Property-Based Testing with Hypothesis: The Data You're Throwing Away
Part 3 of the Multi-Agent Development Series
- Part 1: Can 5 Claude Code Agents Work Independently?
- Part 2: The Reality of "Autonomous" Multi-Agent Development
This post explores coding with Claude Code and exploring what works and what doesn't in this hybrid new coding model. when and how it is most useful for a Human to direct the AI Agent.
TL;DR
We added property-based testing with Hypothesis. Agent ran 7000+ random scenarios, found multiple edge cases, Hypothesis shrank them to minimal failing examples, then agent discarded 99% of that data by reducing max_examples without capturing anything.
User had to correct the agent 3 times before it understood:
"It's like you're a genius and brain dead at the same time."
The lesson: Hypothesis is a data generation tool, not just a test runner. When Hypothesis finds and shrinks edge cases, those are discoveries worth keeping permanently, not debugging output to discard.
The Setup
Goal: Add property-based tests to validate video moderation budget allocation logic.
The Plan:
- Install Hypothesis library
- Write property tests for key invariants (budget never exceeded, fairness, priority)
- Run with
max_examples=1000to explore the space thoroughly - Fix any bugs found
- Reduce to
max_examples=10for fast CI runs
What we expected: Find edge cases, fix them, ship robust tests.
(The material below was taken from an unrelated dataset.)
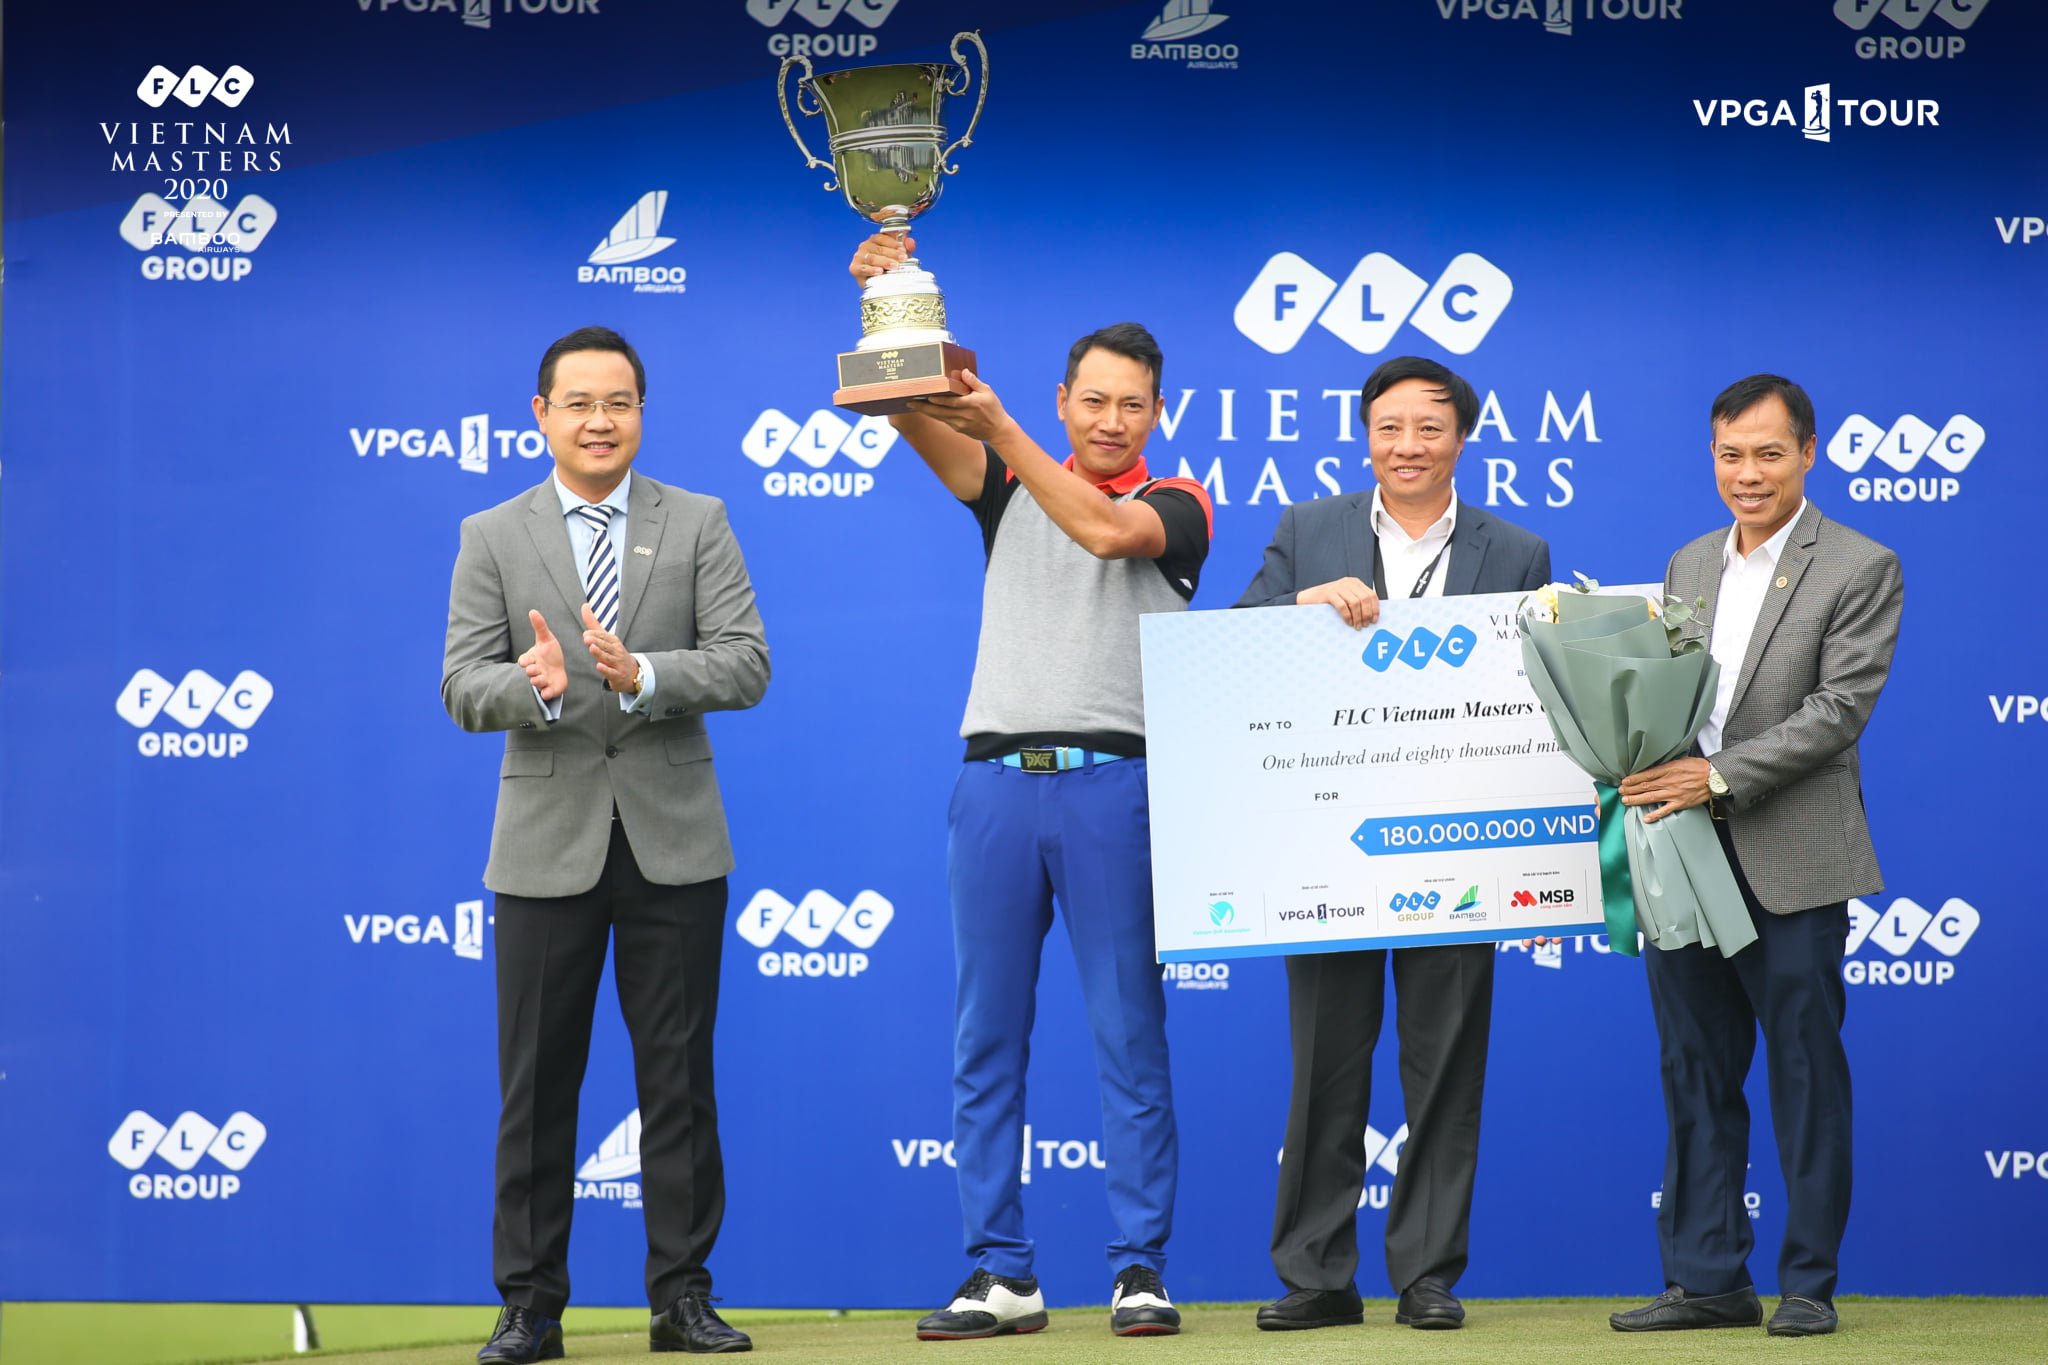 Đỗ Hồng Giang vô địch FLC Vietnam Masters 2020 Presented by Bamboo Airways

What actually happened: Found edge cases, threw away the data, repeated the same mistakes, until user intervened.
The Waste Pattern
Iteration 1: Discovery (7000 Scenarios)
Agent runs tests:
@given(
participants=st.lists(st.builds(Participant), min_size=5, max_size=50),
budget=st.integers(min_value=10, max_value=200),
)
@settings(max_examples=1000)
def test_budget_never_exceeded(participants, budget):
"""Property: Budget allocation never exceeds the configured limit"""
result = apply_budget(participants, budget)
assert len(result.allocated) <= budget
Hypothesis explores:
- 7 property tests × 1000 examples = 7000 scenarios
- Finds edge case:
budget=16, participants=5→ Fails! - Shrinks to minimal example:
budget=16, participants=5(specific configuration that breaks) - Finds another:
budget=36, participants=7→ Fails! - Shrinks to:
budget=36, participants=7 - Total found: 5 distinct shrunken edge cases
Agent's action: Fixes the bug, re-runs tests, all pass ✅
The Critical Mistake: Discarding Knowledge
Agent does:
# "Now that bugs are fixed, reduce for CI performance"
@settings(max_examples=10) # Reduced from 1000
def test_budget_never_exceeded(participants, budget):
...
What was lost:
- The specific parameters that broke:
budget=16, participants=5 - The pattern: Tight budgets with specific participant counts
- The shrunk minimal cases Hypothesis worked hard to find
- All knowledge from 6990 of the 7000 scenarios (kept only 10 random new ones)
User intervention #1:
"when hypothesis provides a shrunken test, KEEP IT IN CODE!"
Iteration 2: Half-Hearted Capture
Agent adds:
def test_regression_budget_16_participants_5():
"""Specific case that failed during property testing"""
participants = [make_participant(f"p{i}") for i in range(5)]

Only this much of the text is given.